*** Data section ***

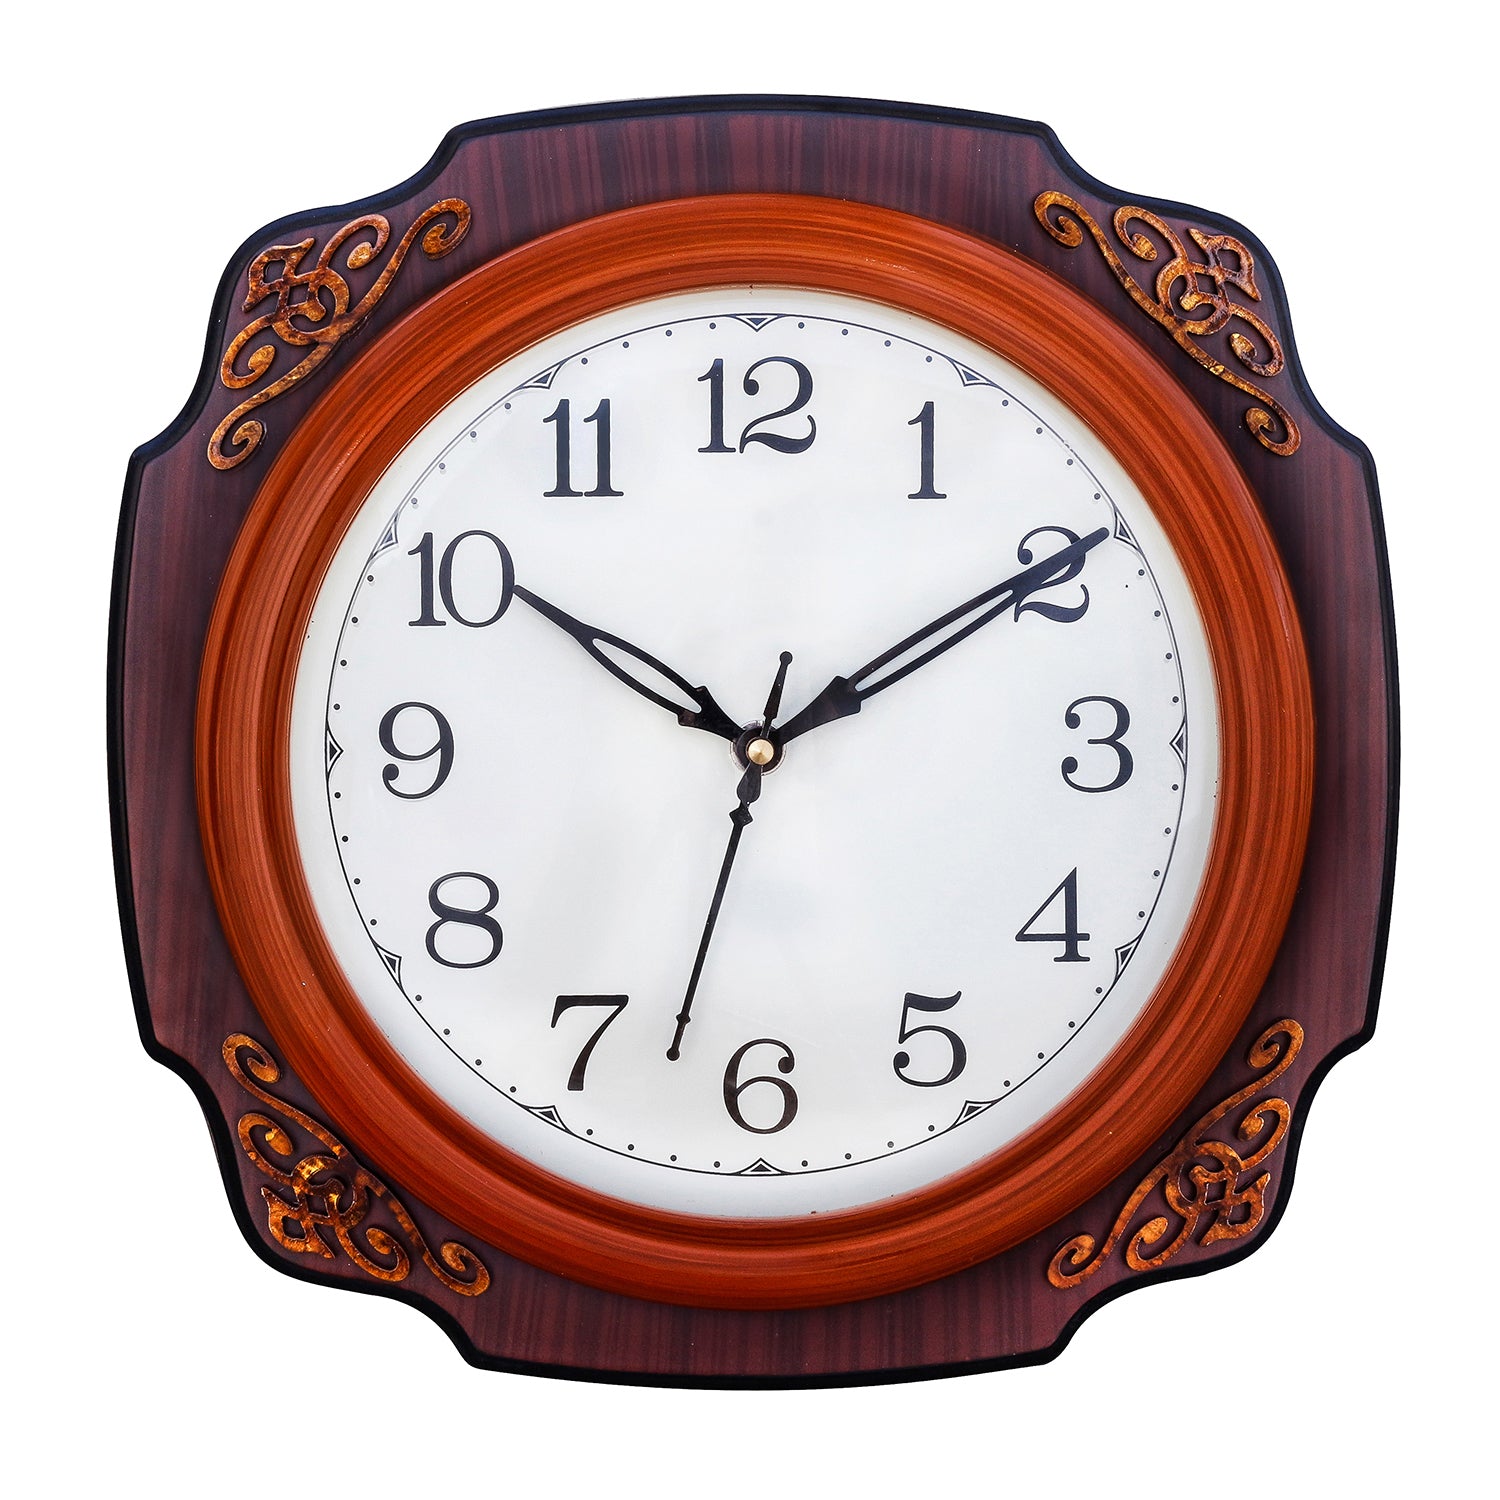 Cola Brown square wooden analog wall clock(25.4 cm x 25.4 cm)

*** End of Data section ***
*** Data section ***

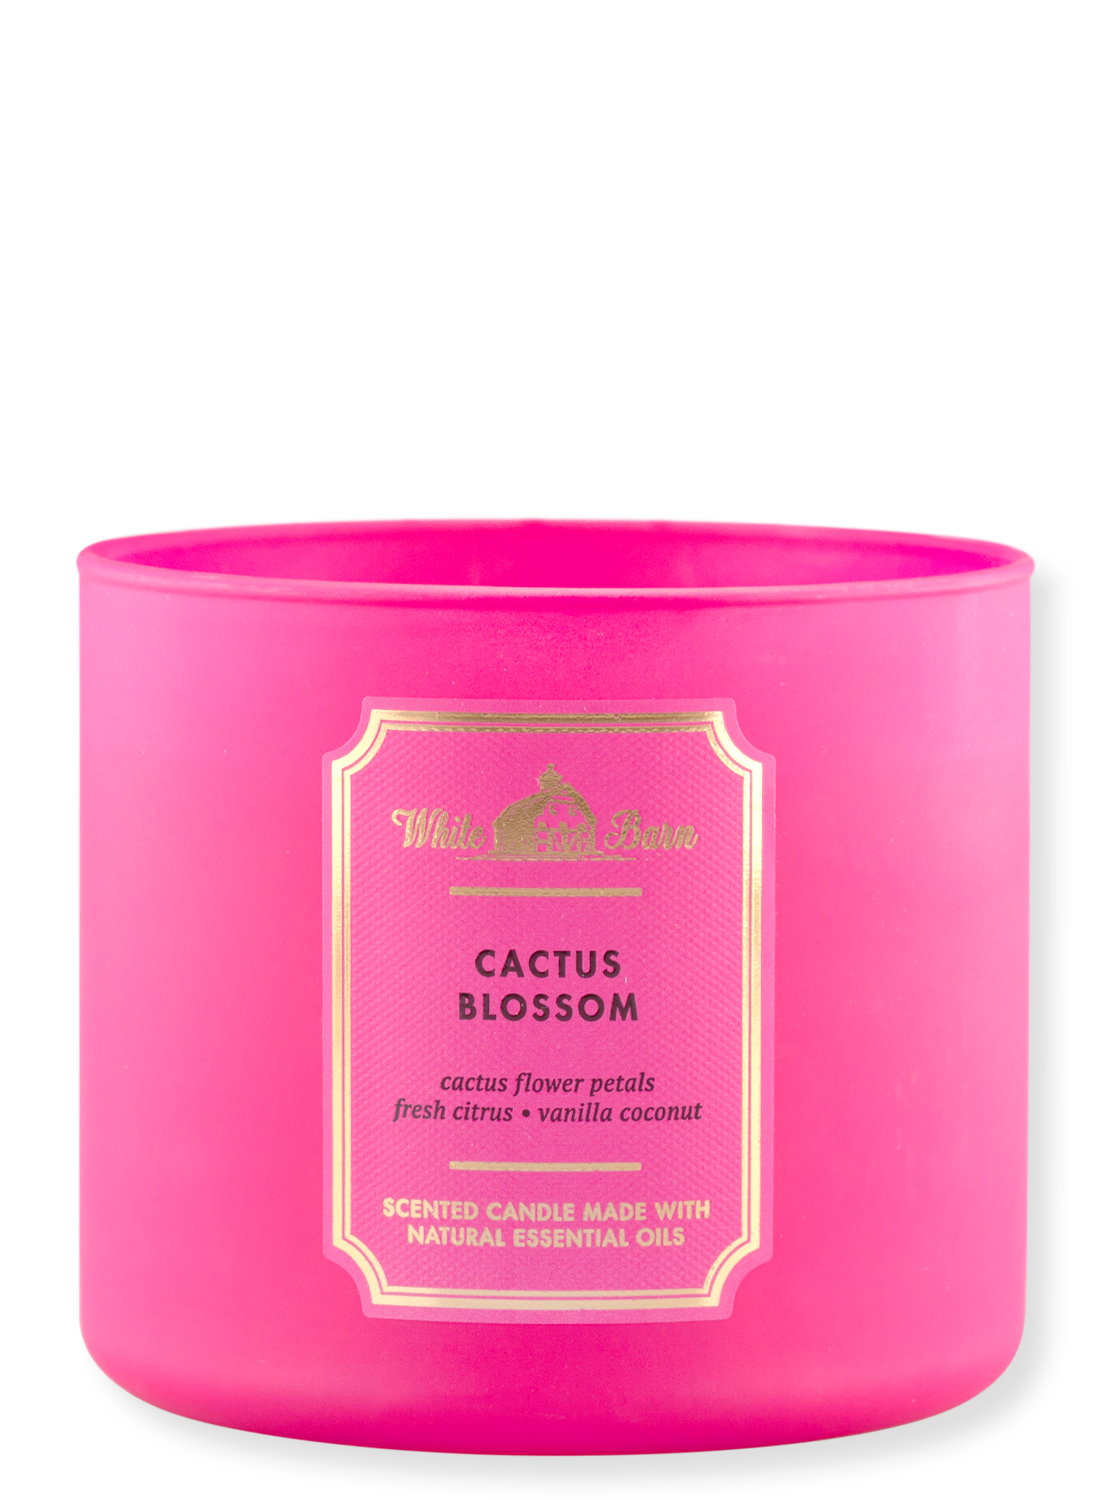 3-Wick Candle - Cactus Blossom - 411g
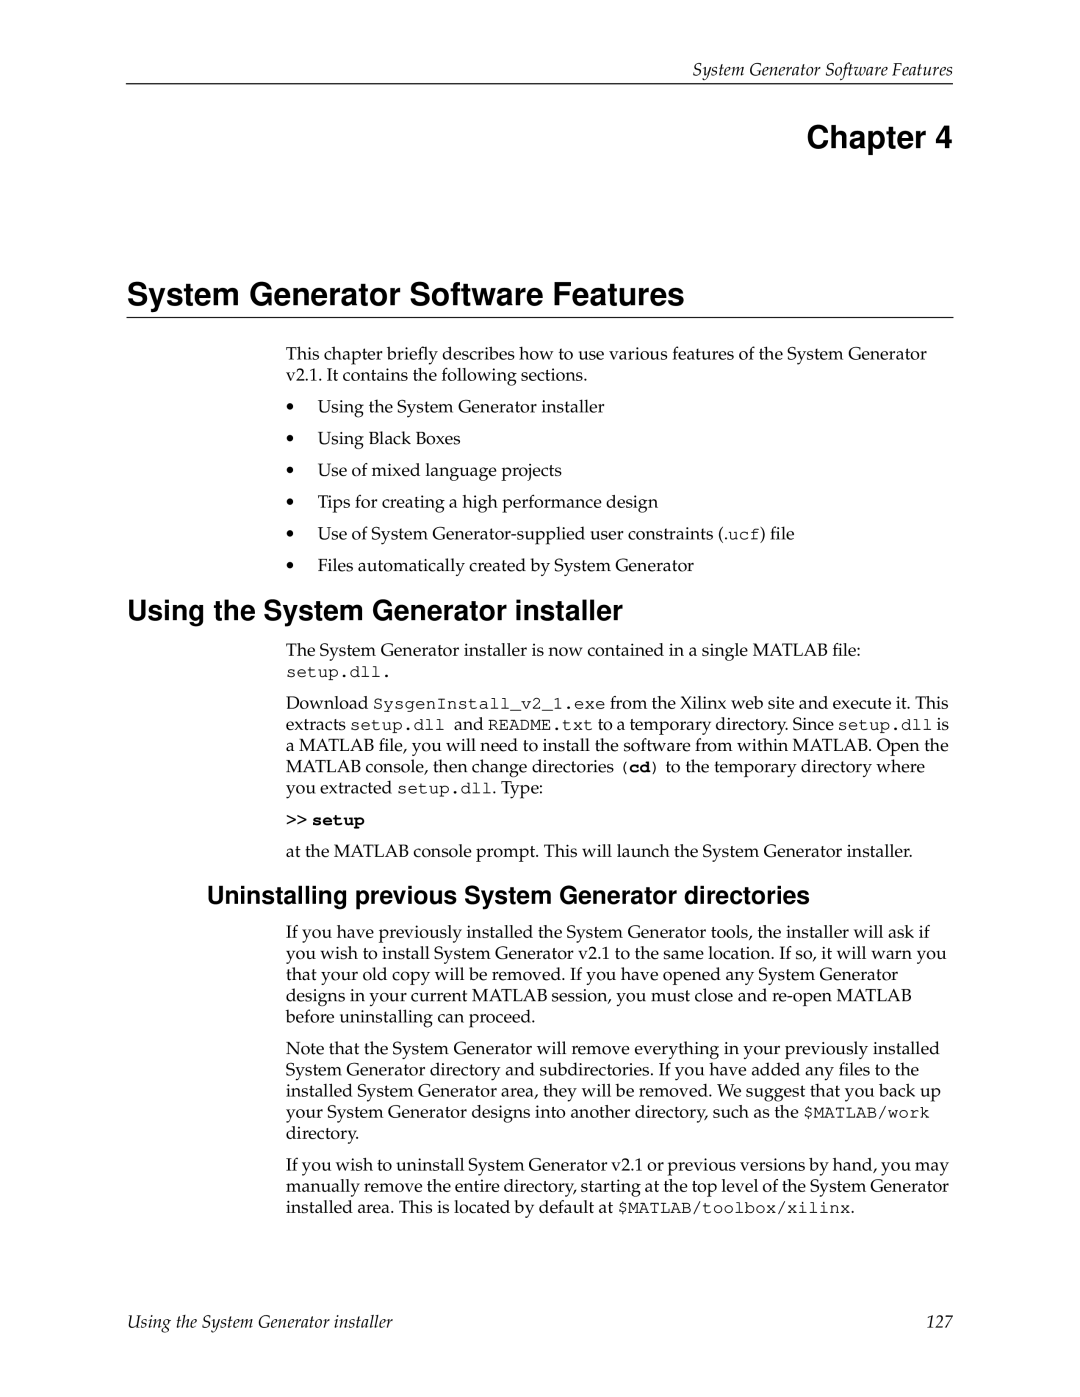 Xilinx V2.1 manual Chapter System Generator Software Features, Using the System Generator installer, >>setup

*** End of Data section ***
*** Data section ***

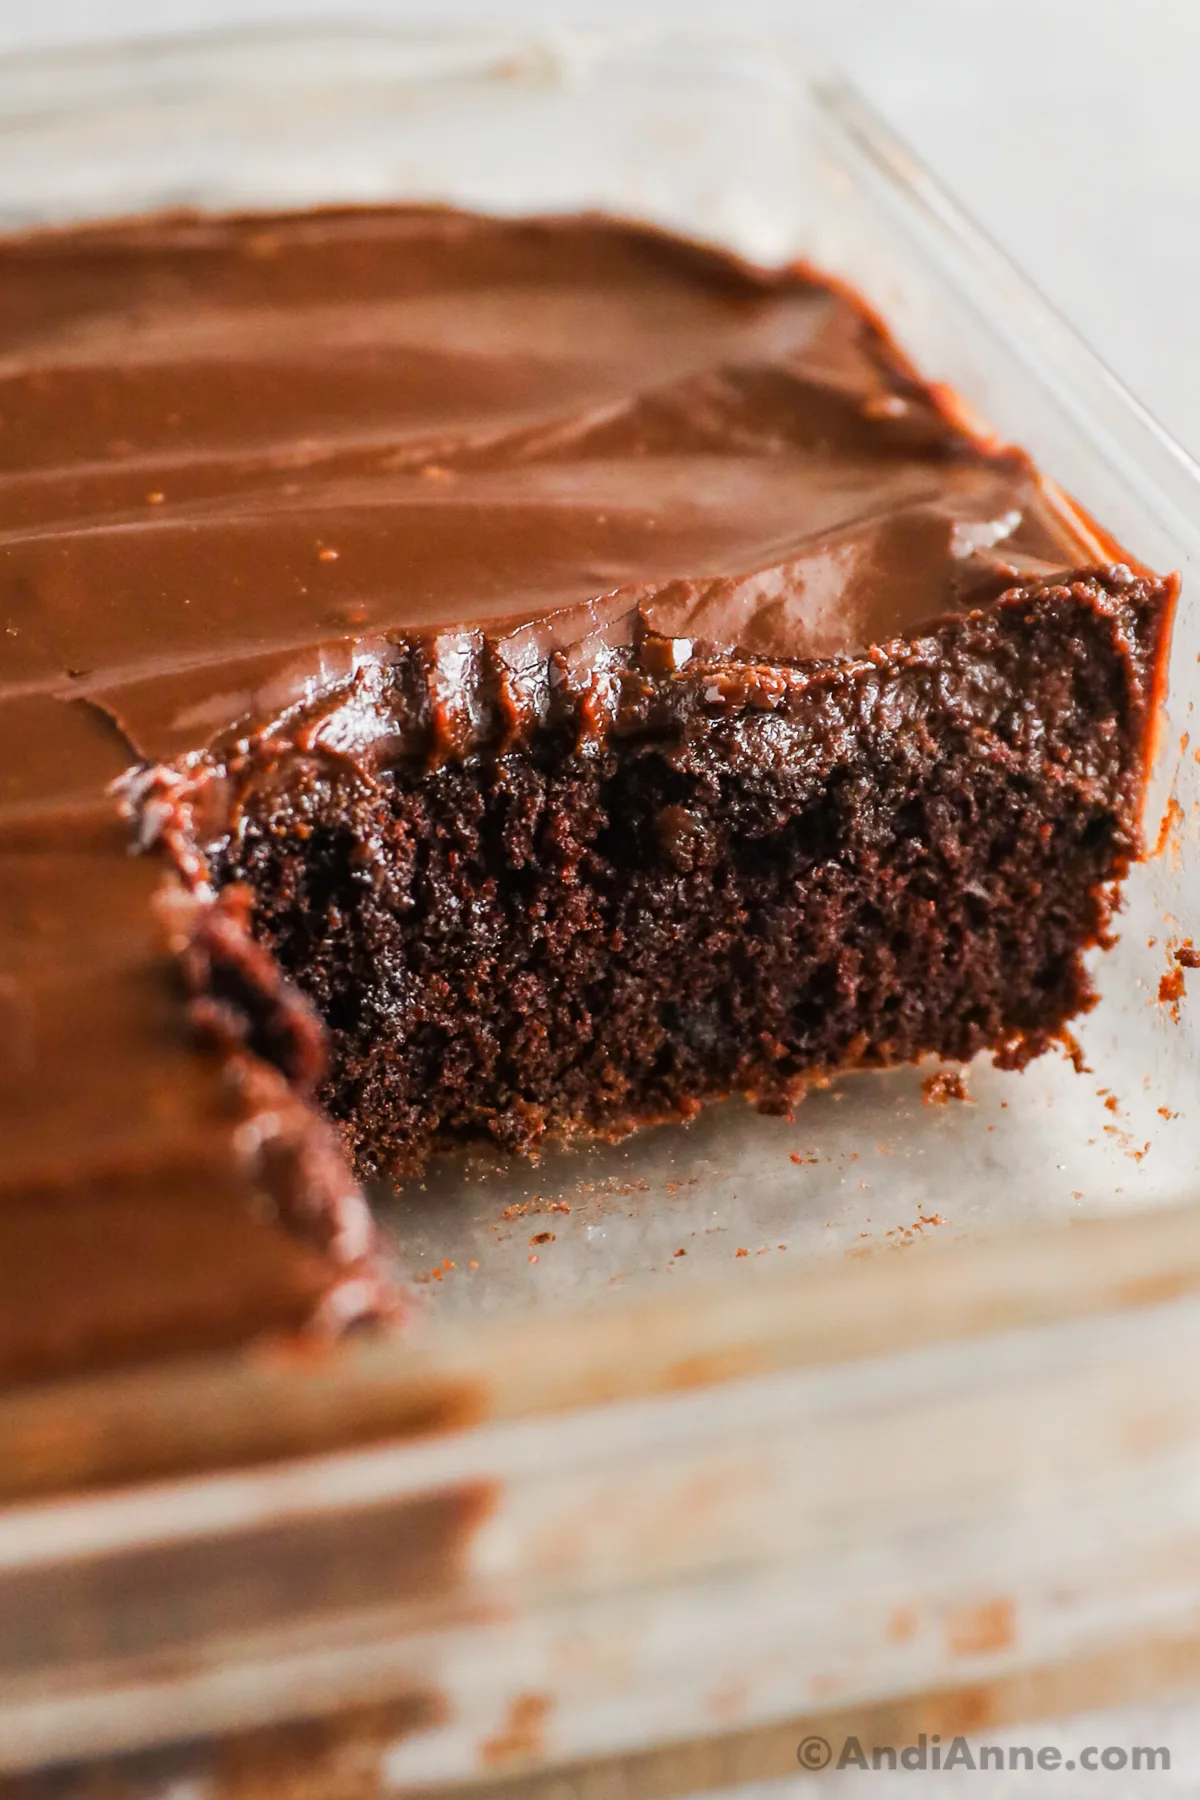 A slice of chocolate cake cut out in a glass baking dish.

*** End of Data section ***

▶ _To do_: Everything from the line with "3-Wick Candle - Cactus Blossom - 411g" through the line with "Xilinx V2.1 manual" in the material above should be transcribed exactly, except the pictures.

▶ _Task result_:
 3-Wick Candle - Cactus Blossom - 411g
 Xilinx V2.1 manual Chapter System Generator Software Features, Using the System Generator installer, >>setup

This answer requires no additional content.